▼

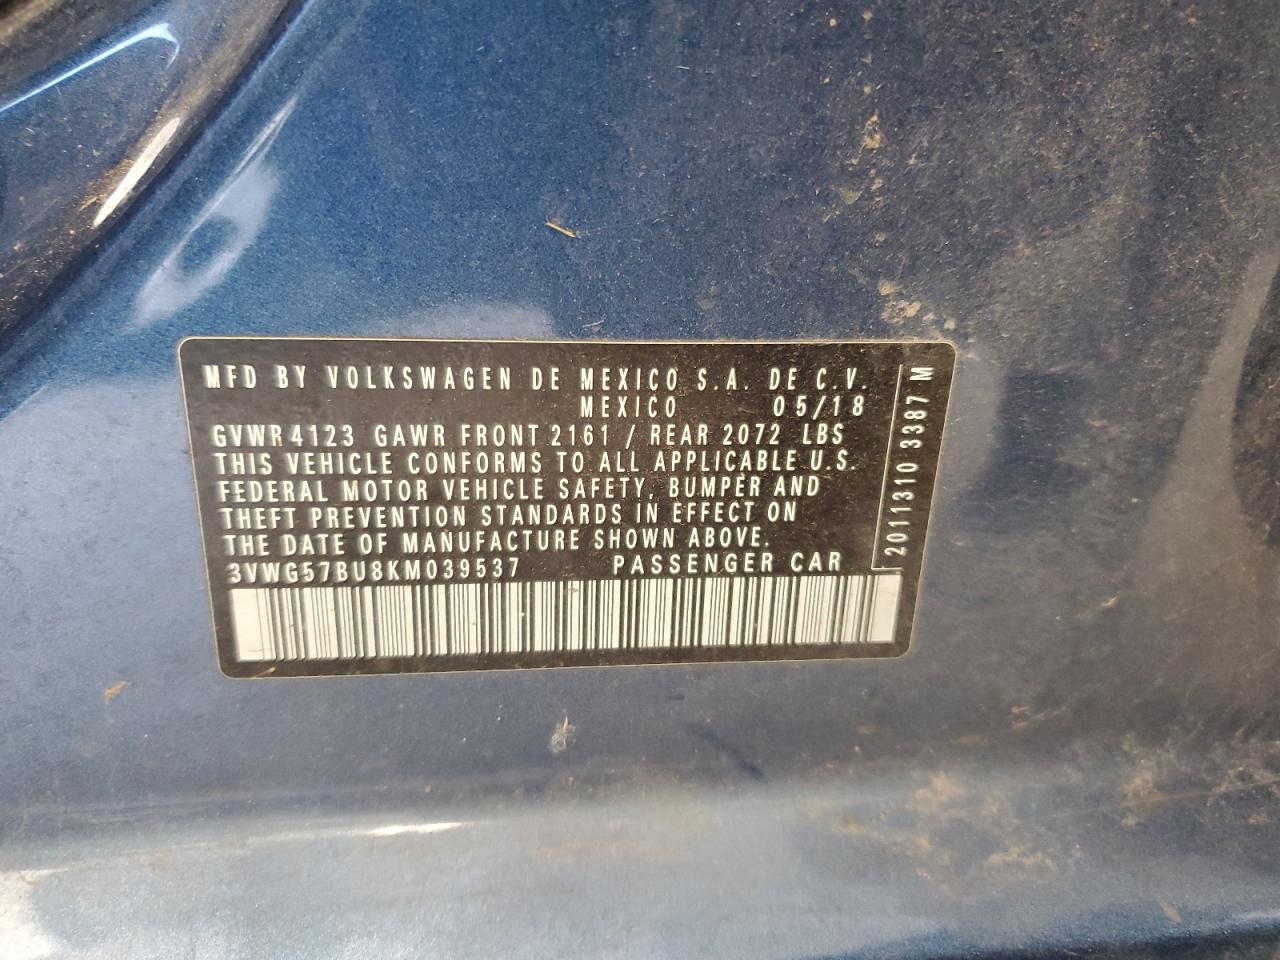 2019 Volkswagen Jetta Sel 1.4L(VIN: 3VWG57BU8KM039537
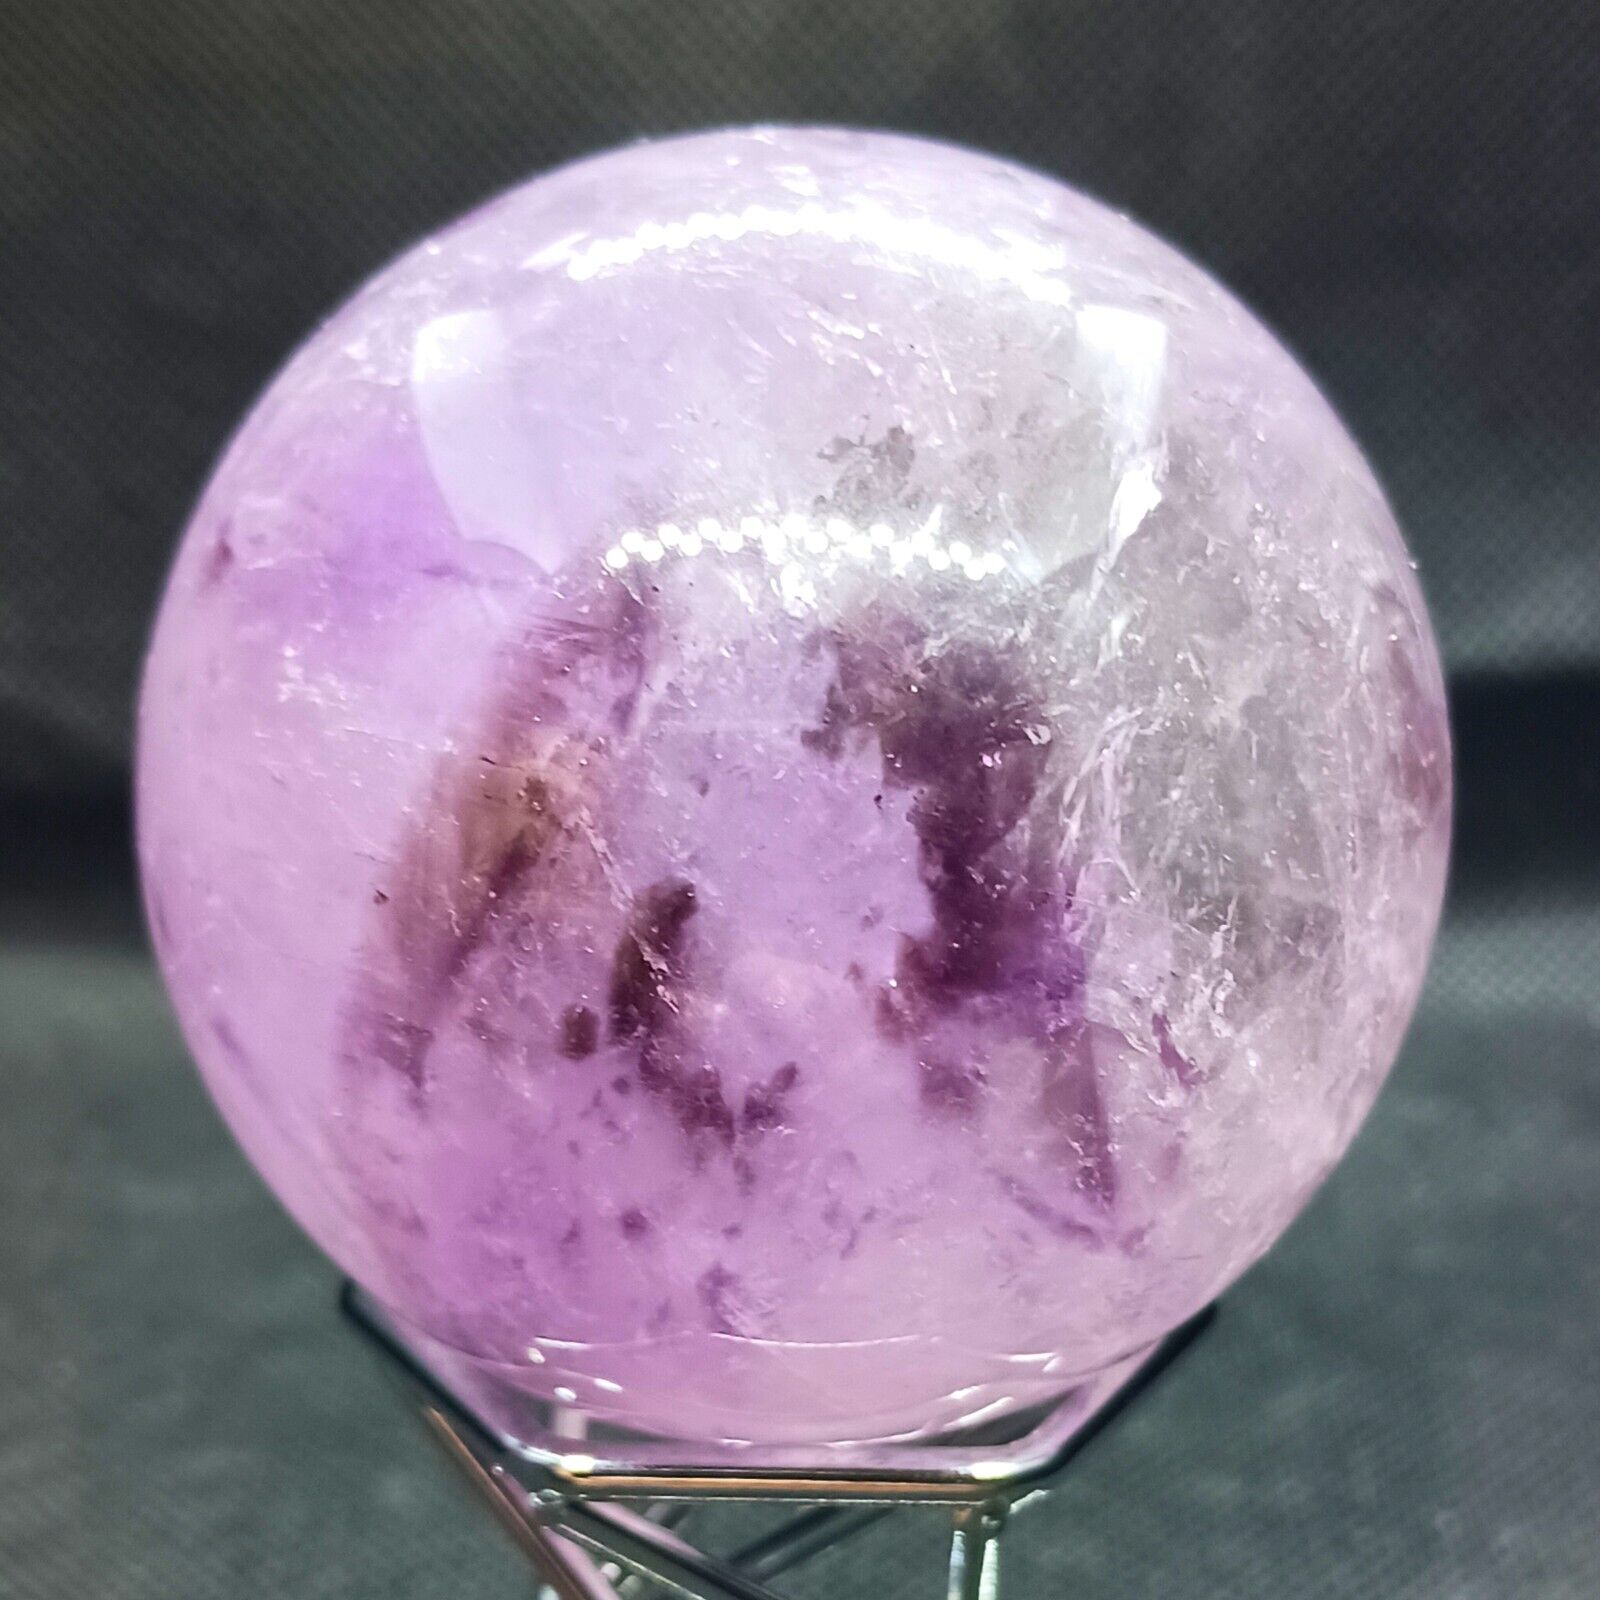 Amethyst sphere with purple phantoms  large polished amethyst crystal sphere 
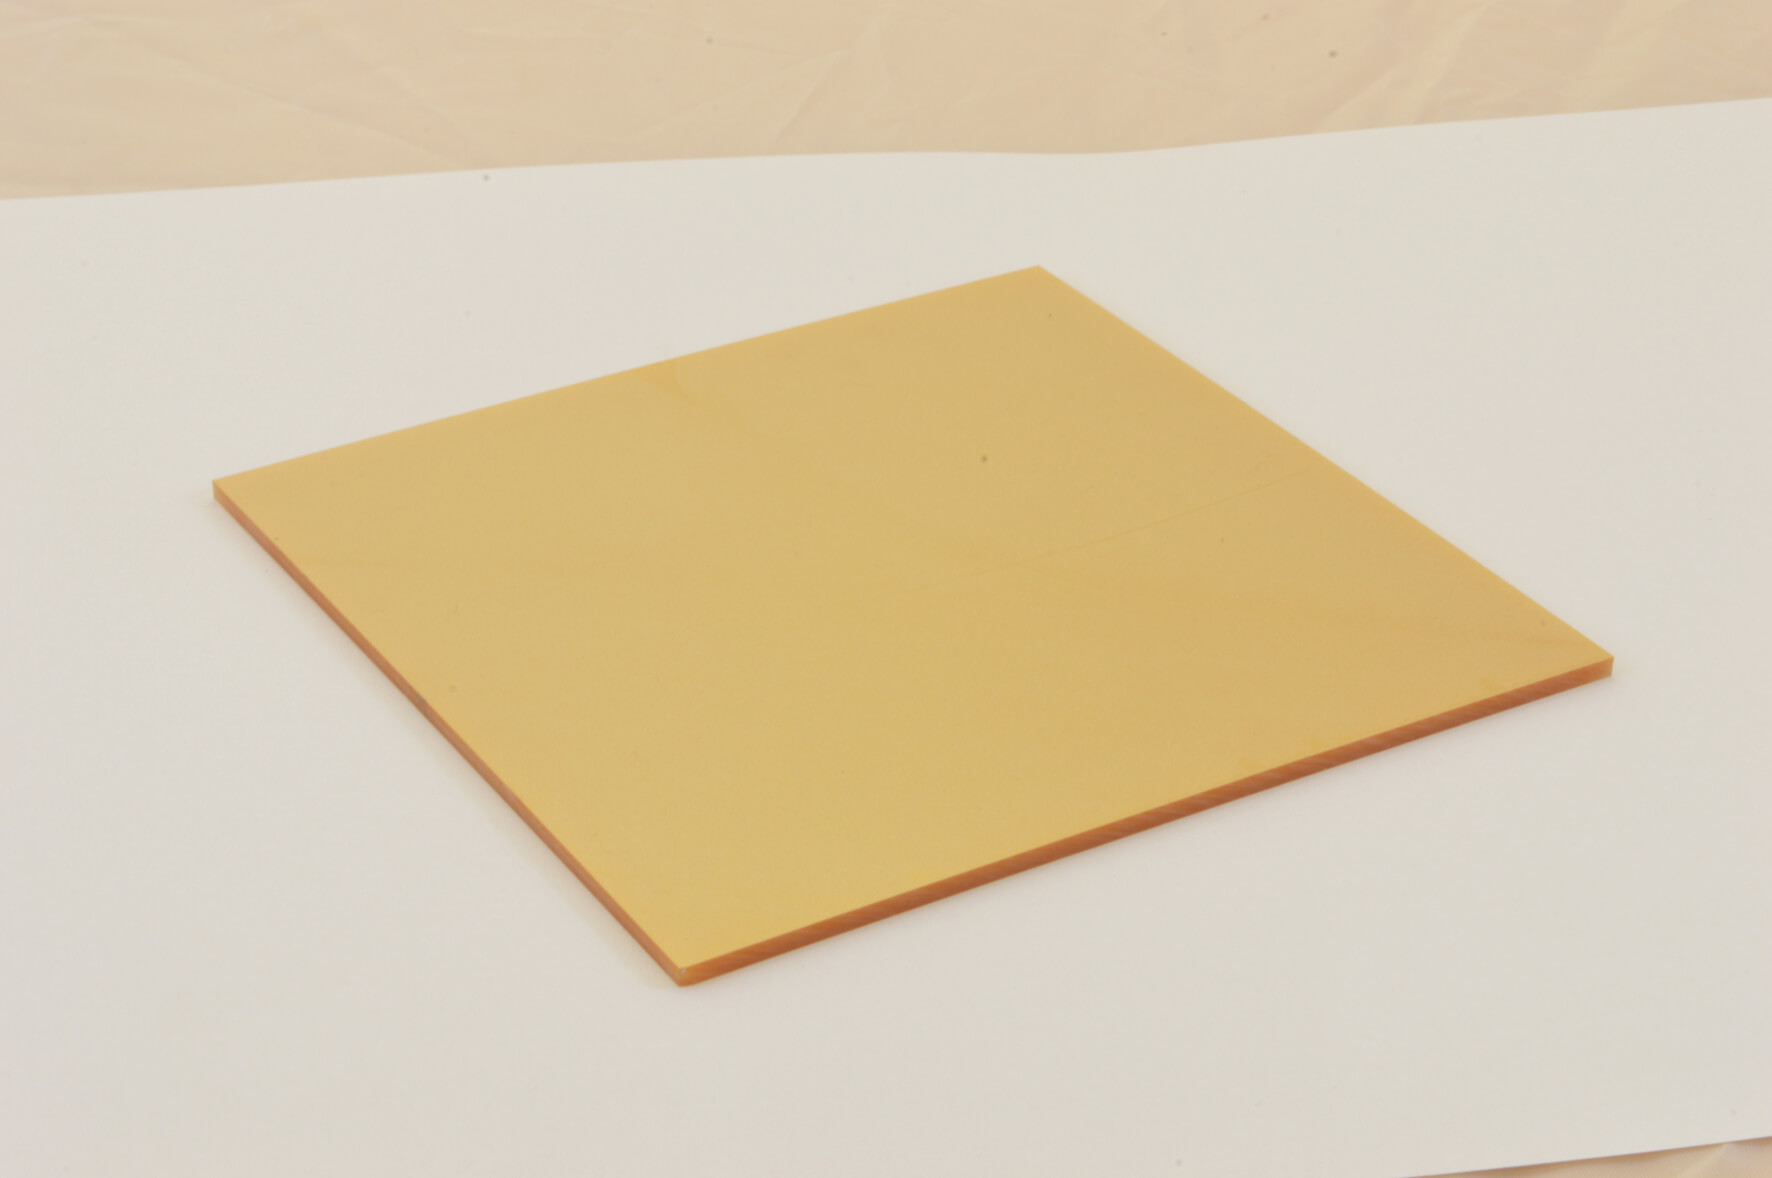 Pearlescent Cast Acrylic 3mm Sheet - Caramel Gold 600 x 400mm

▲

Only the lines from the one containing "Amethyst sphere with" through the end of the listing above should be reproduced, exactly as they stand. Leave the pictures out.

SOLUTION FOR THIS EXERCISE:
 Amethyst sphere with purple phantoms  large polished amethyst crystal sphere 
 Pearlescent Cast Acrylic 3mm Sheet - Caramel Gold 600 x 400mm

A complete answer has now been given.